- SUPPLIED MATERIAL -
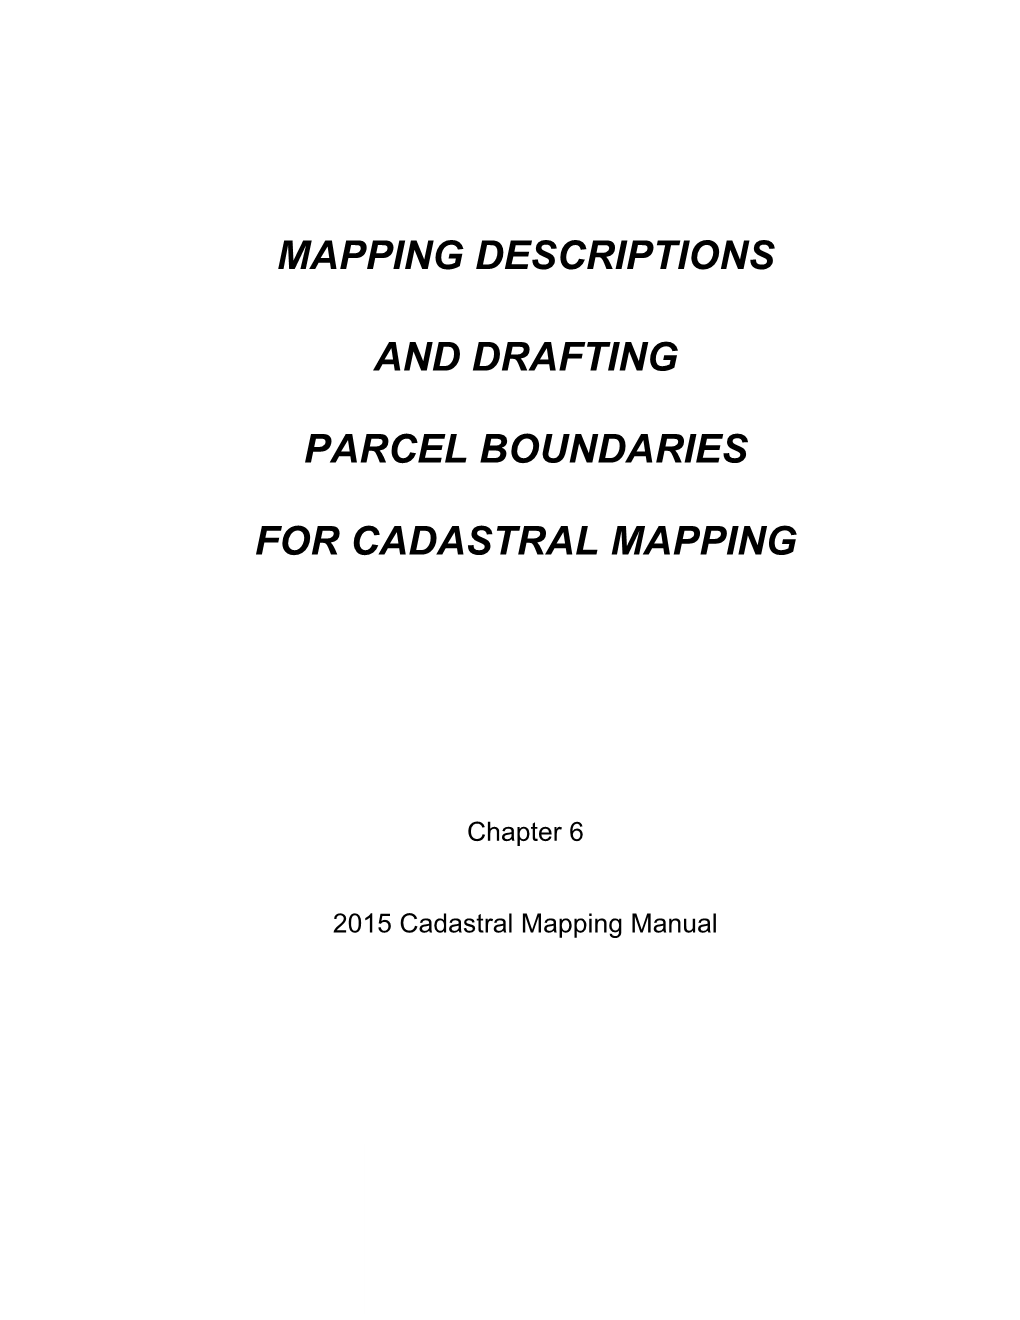 Mapping Descriptions and Drafting Parcel Boundaries for Cadastral
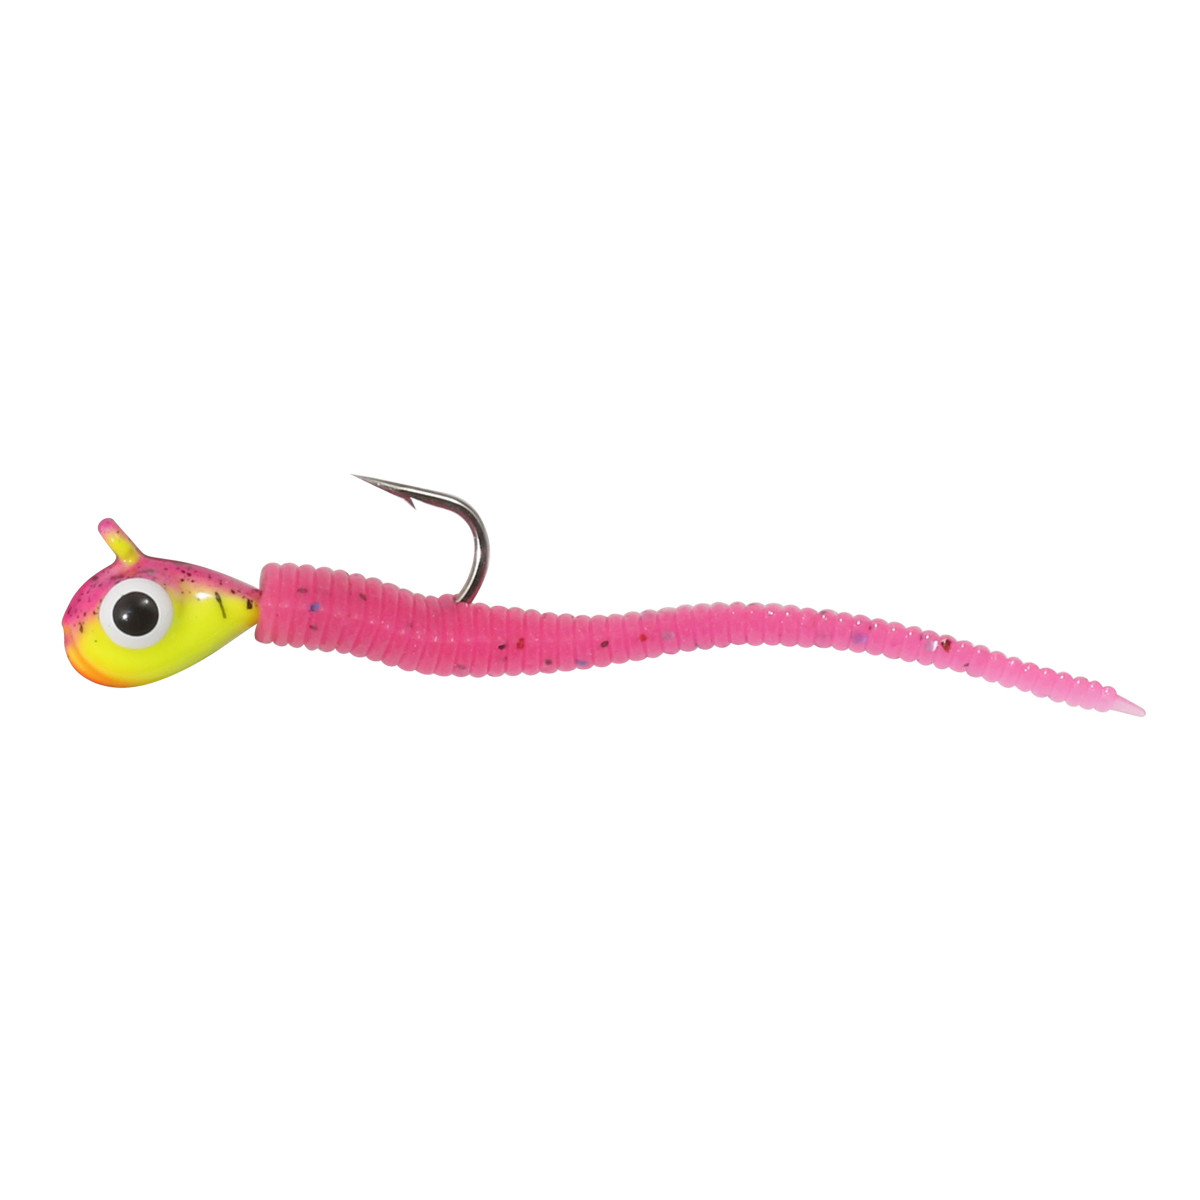 https://cs1.0ps.us/original/opplanet-northland-fishing-tackle-rigged-tungsten-bloodworm-lure-fruit-fly-1-28-oz-tbr12-62-main
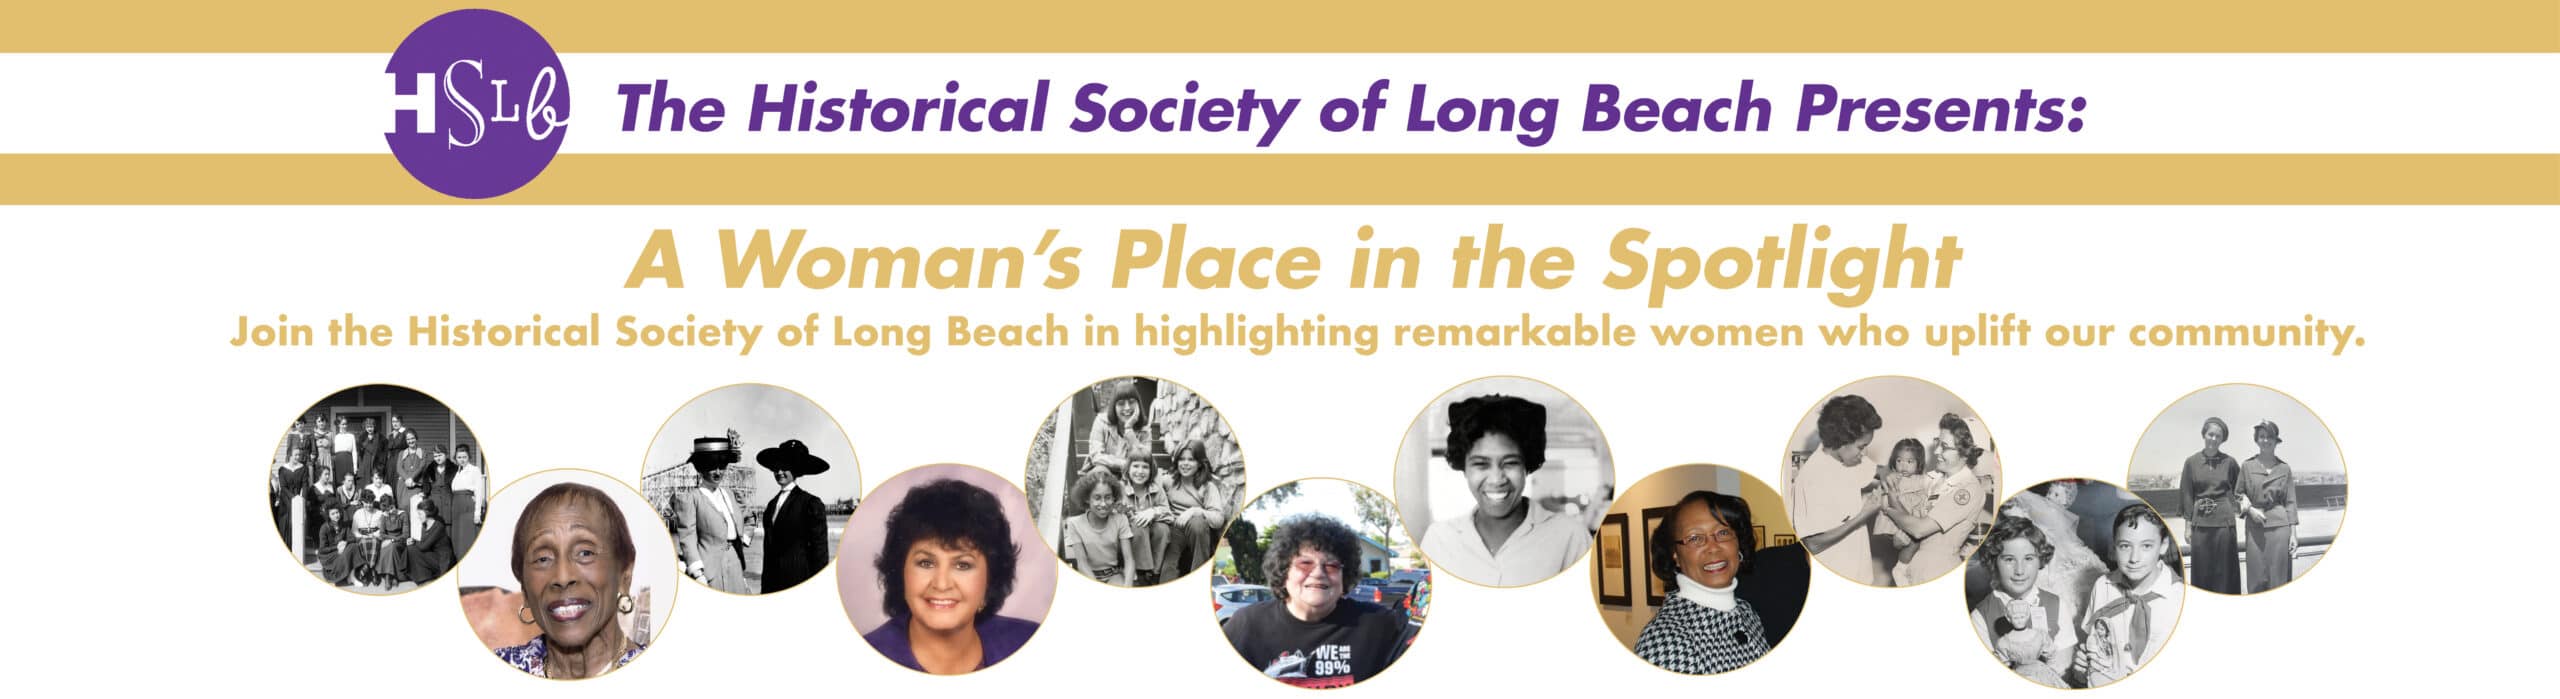 HSLB the historical society of long beach presents a woman's place in the spotlight

- WHAT YOU HAVE TO DO -
Nothing but an exact copy of the data, without pictures, should be returned.

- ANSWER TO THIS TASK -
 Mapping Descriptions and Drafting Parcel Boundaries for Cadastral
 https://cs1.0ps.us/original/opplanet-northland-fishing-tackle-rigged-tungsten-bloodworm-lure-fruit-fly-1-28-oz-tbr12-62-main
 HSLB the historical society of long beach presents a woman's place in the spotlight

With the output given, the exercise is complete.